### YOUR TASK
A faithful copy of all the data is the goal; omit the pictures.

### STORED DATA
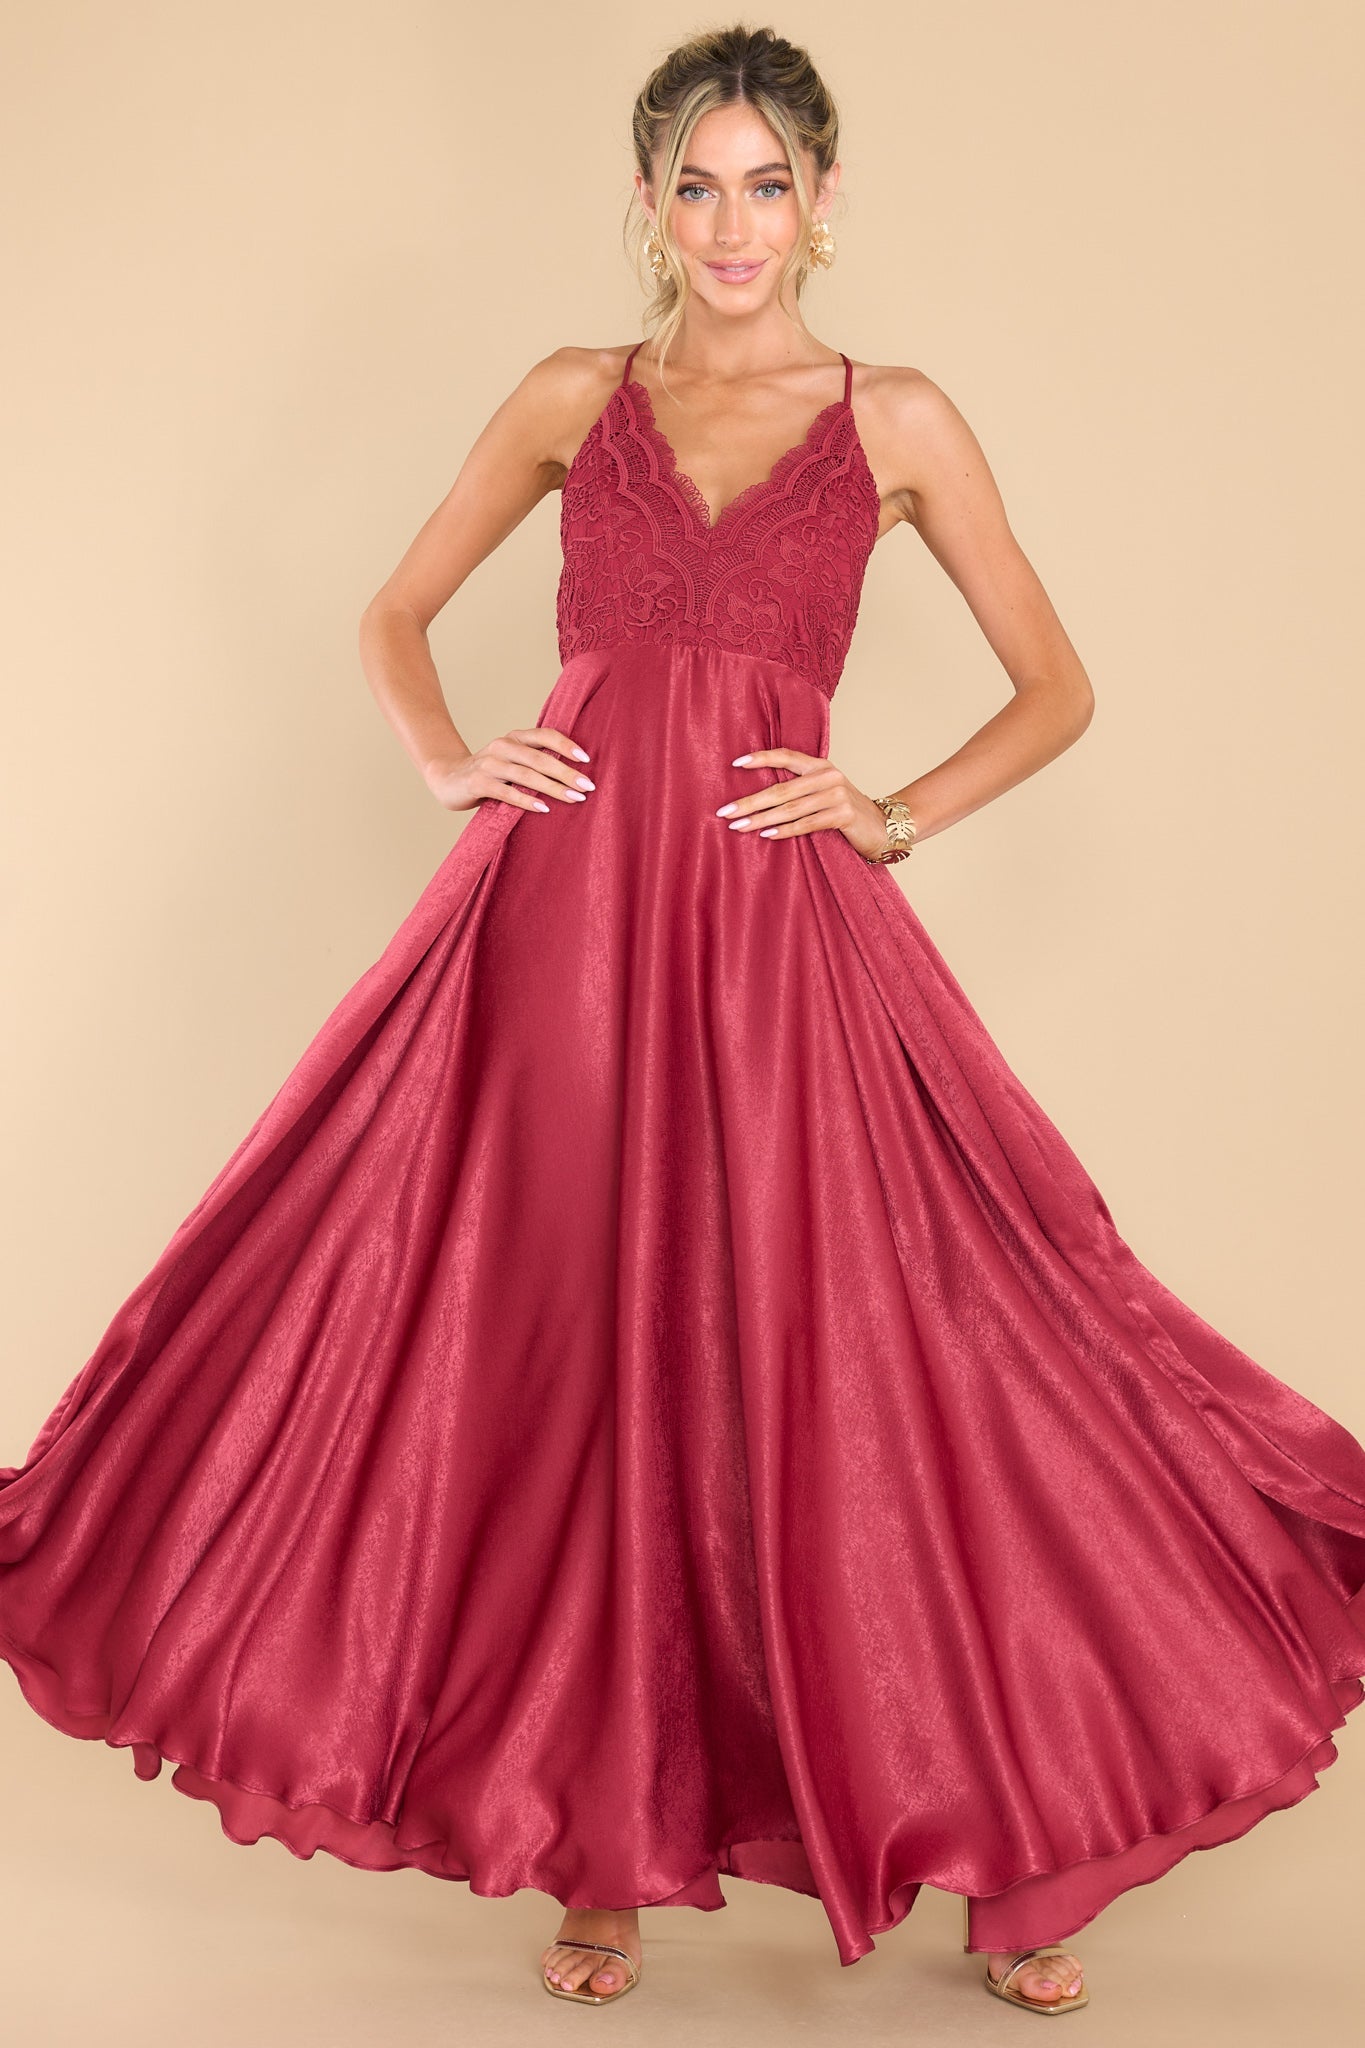 Stunning Cranberry Contrast Lace Top Dress - Maxi Dresses | Red Dress
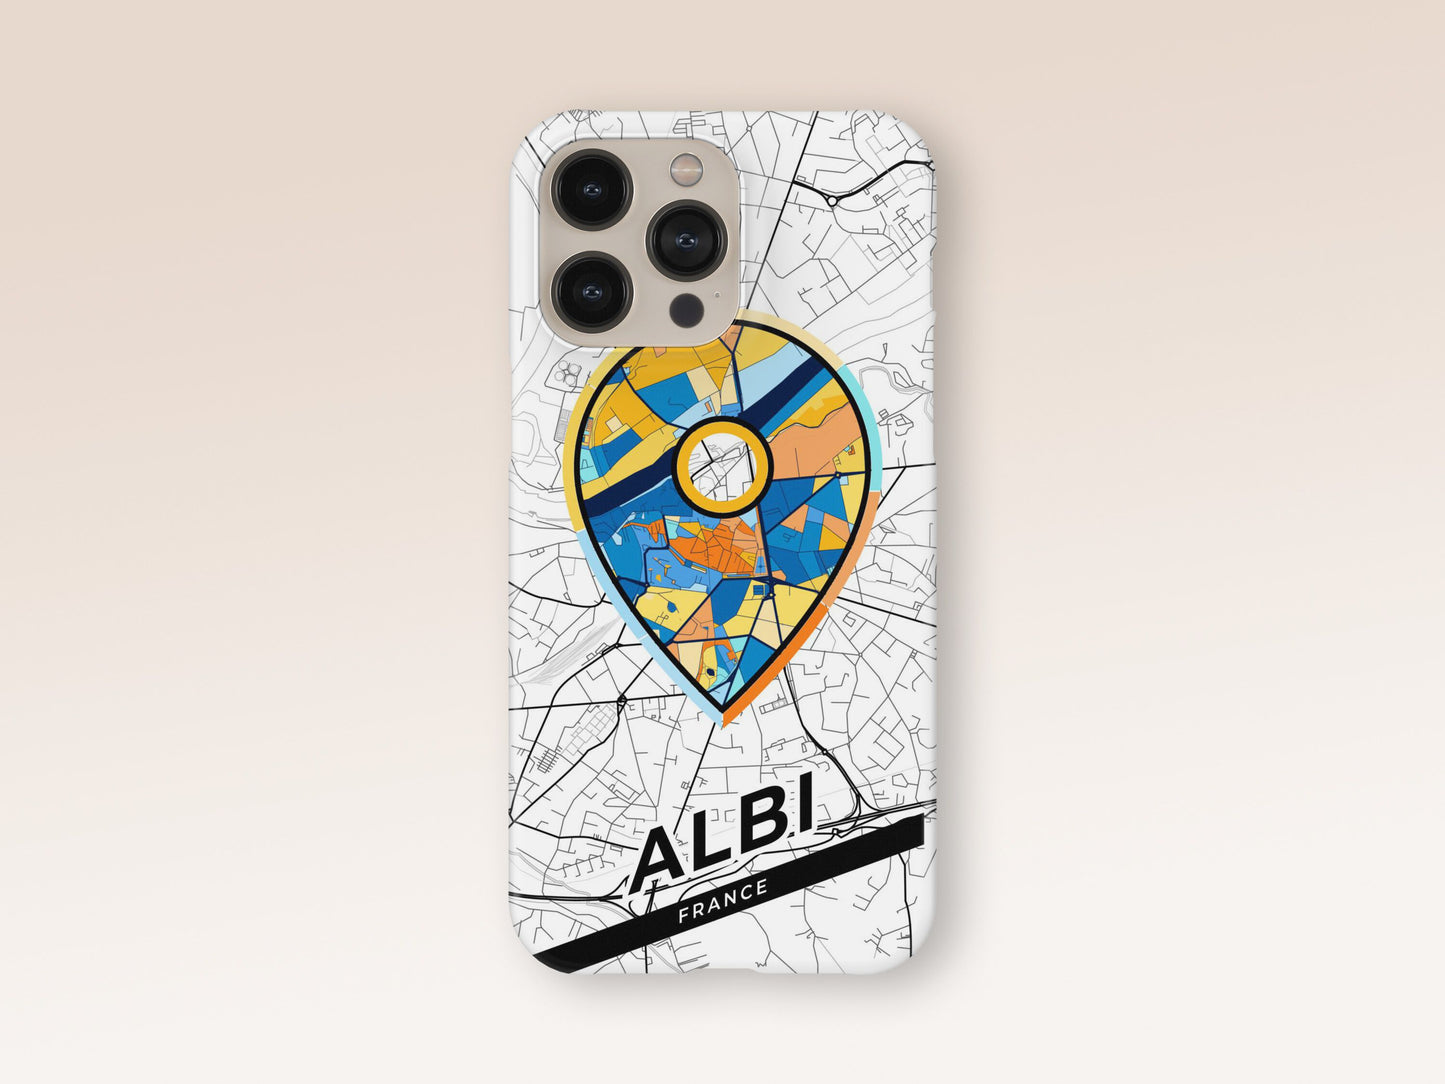 Albi France slim phone case with colorful icon. Birthday, wedding or housewarming gift. Couple match cases. 1
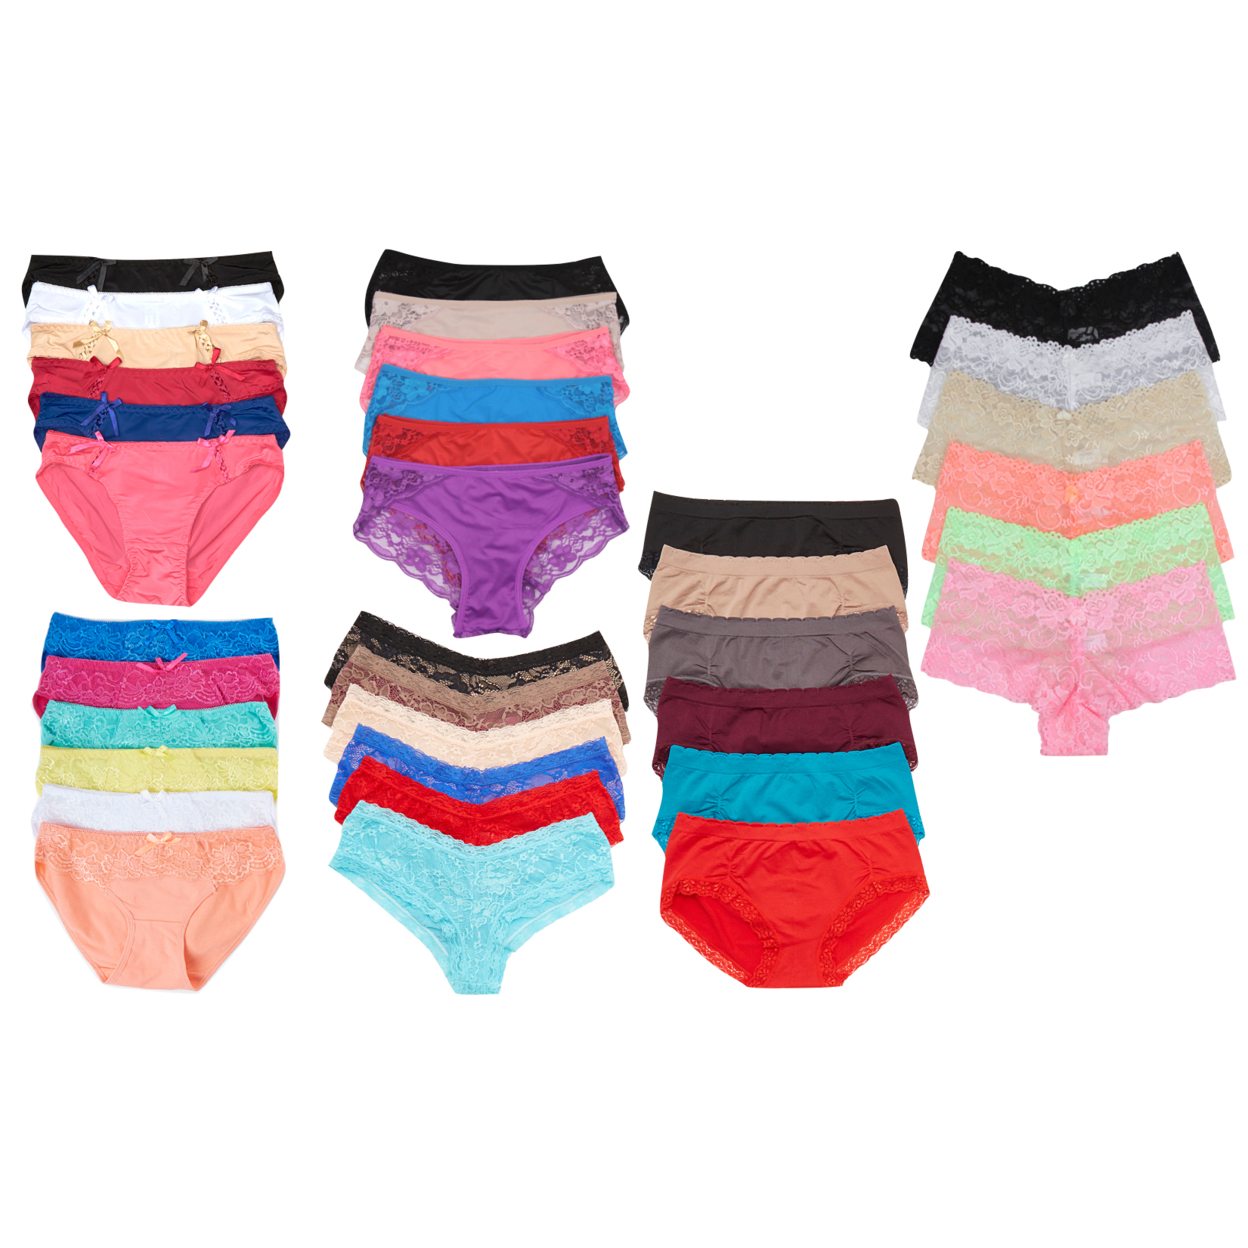 6 Pack Of Bikini Brief Panty Mystery Deal - Small

### REPLY TO THE TASK
 Stunning Cranberry Contrast Lace Top Dress - Maxi Dresses | Red Dress
 Albi France slim phone case with colorful icon. Birthday, wedding or housewarming gift. Couple match cases. 1
 6 Pack Of Bikini Brief Panty Mystery Deal - Small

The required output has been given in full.